Linux FAH Backup Script - V2

musky

[H]ard|DCer of the Year 2012
Joined
Dec 14, 2009
Messages
3,154
UPDATE: 6/22/2013
THIS UTILITY IS OBSOLETE. PLEASE USE THE FAHINSTALL SCRIPT FOR YOUR LINUX FAH INSTALLS, WHICH ALSO HANDLES BACKUPS

===========================================================================================================

This is based on foxtrotniner's original backup script. I made it more generic for different Linux installs. It should be distro-independent (note: this did not work on my Arch install due to permission for editing crontab. If you run into this for other distros, let me know. If you know how to fix it, also let me know.) It is only for Linux installs, either native or in a VM. The script sets up a cron job that runs every three hours. This job;
1. Saves off the previous backups and removes any older backups
2. Backs up the work directory, queue.dat, and unitinfo.txt
3. Waits 60 seconds, then backs everything up again in case checkpoint were being written during the first backup

To install this, log in as the user you use to run FAH and change to you FAH directory. If you used the Ubuntu install guide, this would be
Code:
cd ~/fah
Run the following to download the install script (fahbkup.sh), make it executable, and run it (note: do not run this as root or use sudo in front of anything - you have to be logged in as the fah user):
Code:
wget "http://musky.dyndns.info:8088/fah/fahbkup-0.2.sh"
chmod 755 fahbkup-0.2.sh
./fahbkup-0.2.sh

Once this finishes, nothing else is required. You may see a "no crontab for user" message when installing. This is fine. You can verify the install by checking a couple of things.
1. Typing crontab -l should return something like this:
Code:
0 */3 * * * /home/dave/fah/backup.sh
2. Typing ls should show these 5 new files:
backup.sh
restorebk.sh
restore.sh
start
stop

You should also have two new directories:
backup
cron

If all of this is in place, the install was successful and you are backing up your WU every three hours.

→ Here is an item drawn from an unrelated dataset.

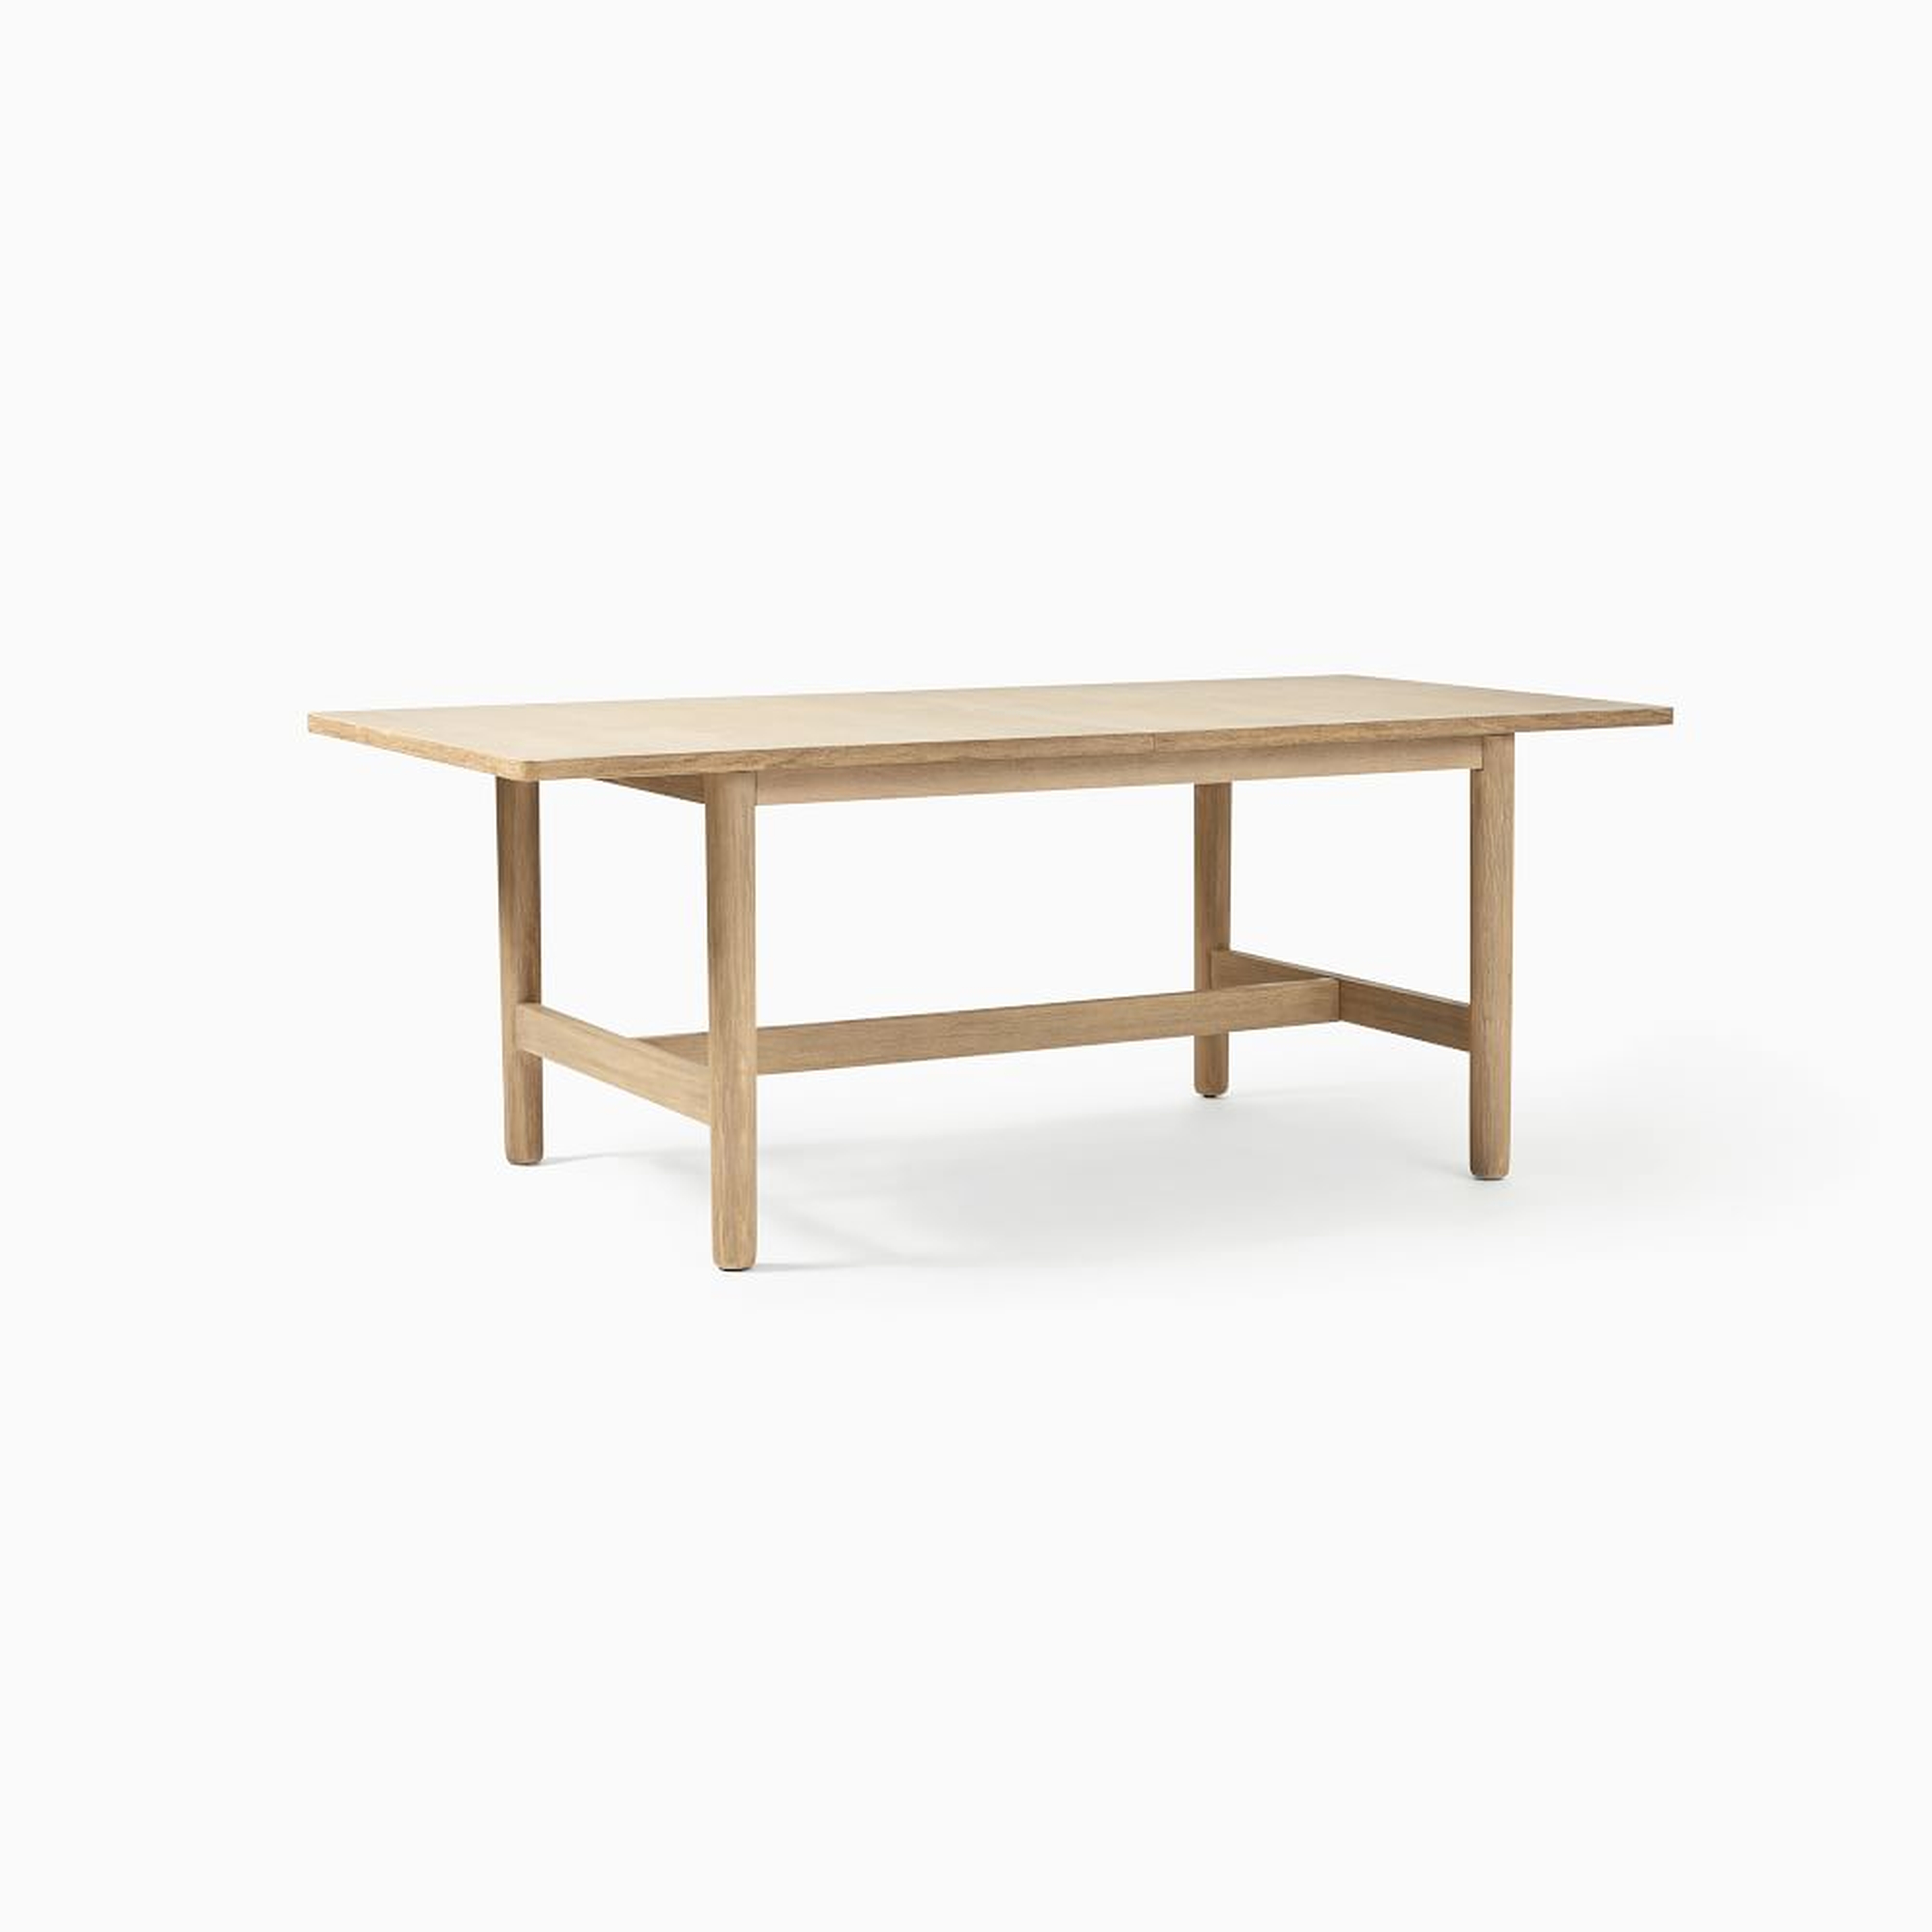 Hargrove 60"-80" Expandable Dining Table, Dune - West Elm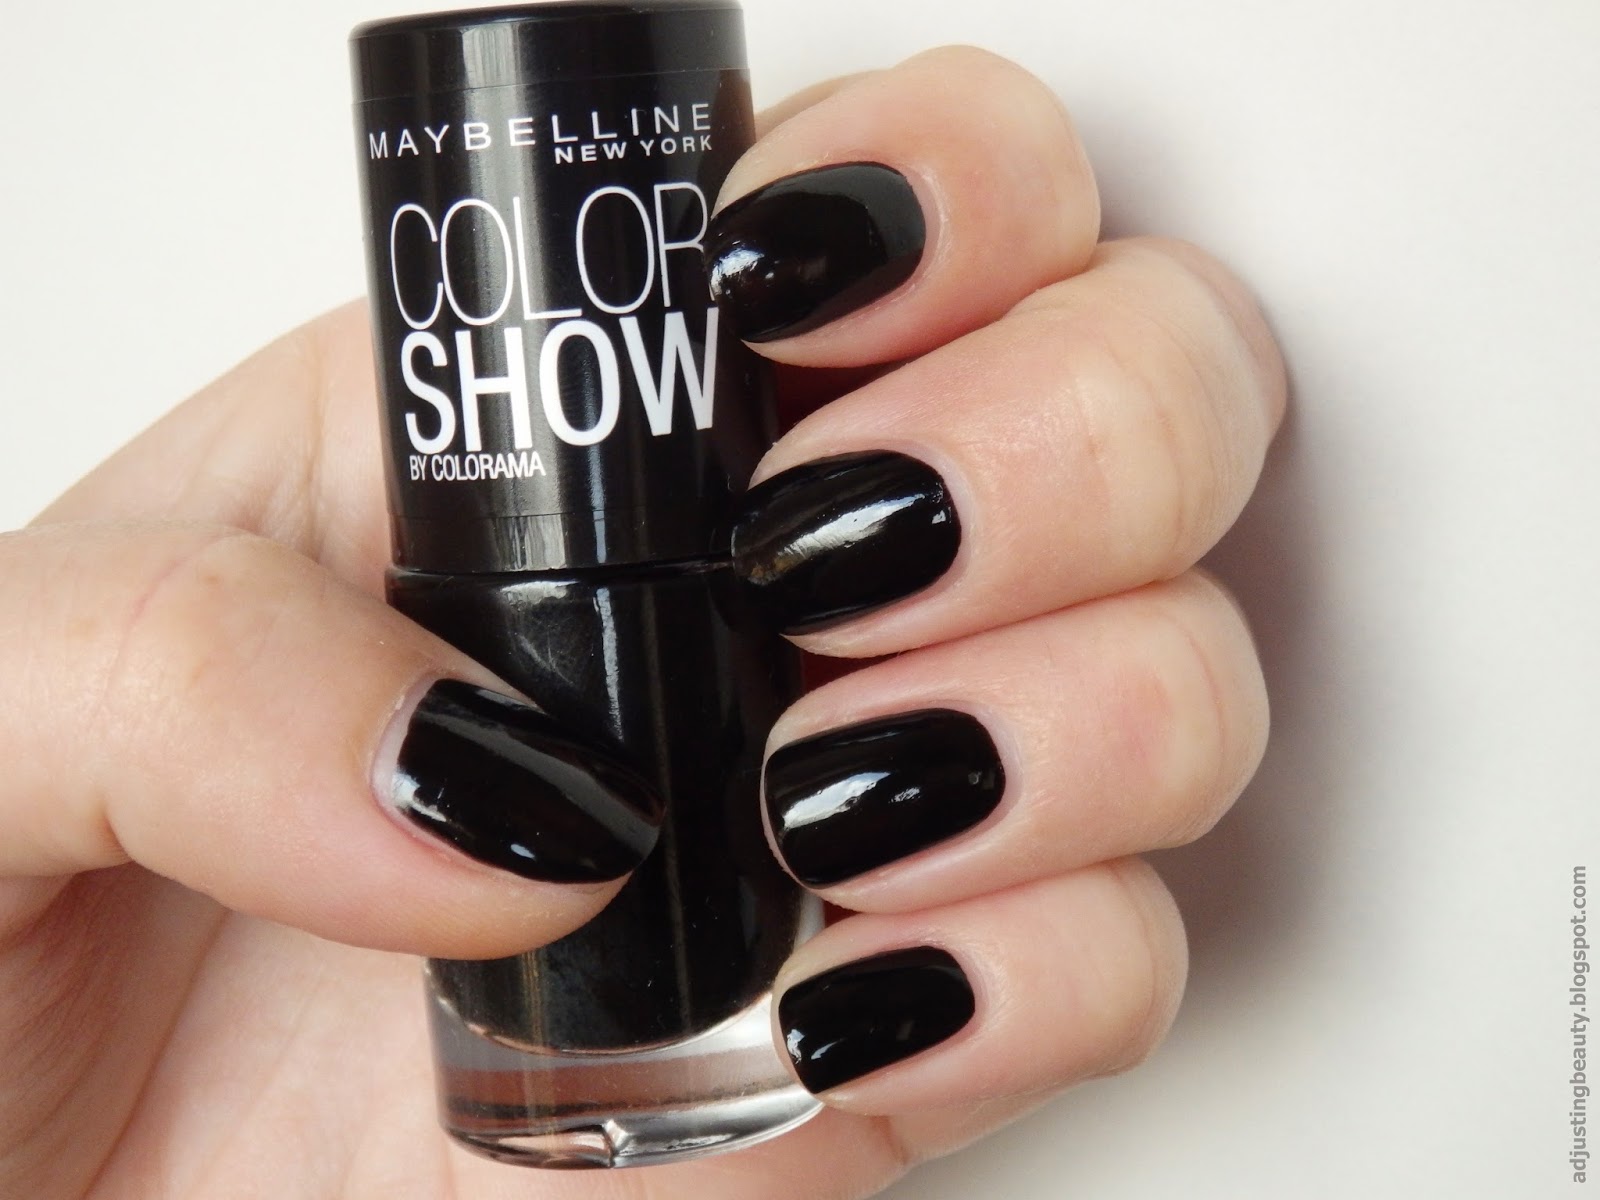 Maybelline Color Show Plum Paradise Nail Polish - wide 1

I also added a start and stop script. The start script will start FAH in a detached screen. You must have screen installed for it to work. For Ubuntu, you probably already have it. To check, type:
Code:
sudo apt-get install screen
You also need to have your flags (-smp, -bigadv, -bigbeta, etc.) set up in the config file. To run the script, type this from the fah directory:
Code:
./start
Type screen -r to see this new screen. Hold down the Control key and press A then D to detach from it.

The stop script is similar - run it by typing
Code:
./stop
This script will back up the WU twice, then stop fah. It assumes your folding executable is named fah6. If yours is not, let me know and I will show you what to change.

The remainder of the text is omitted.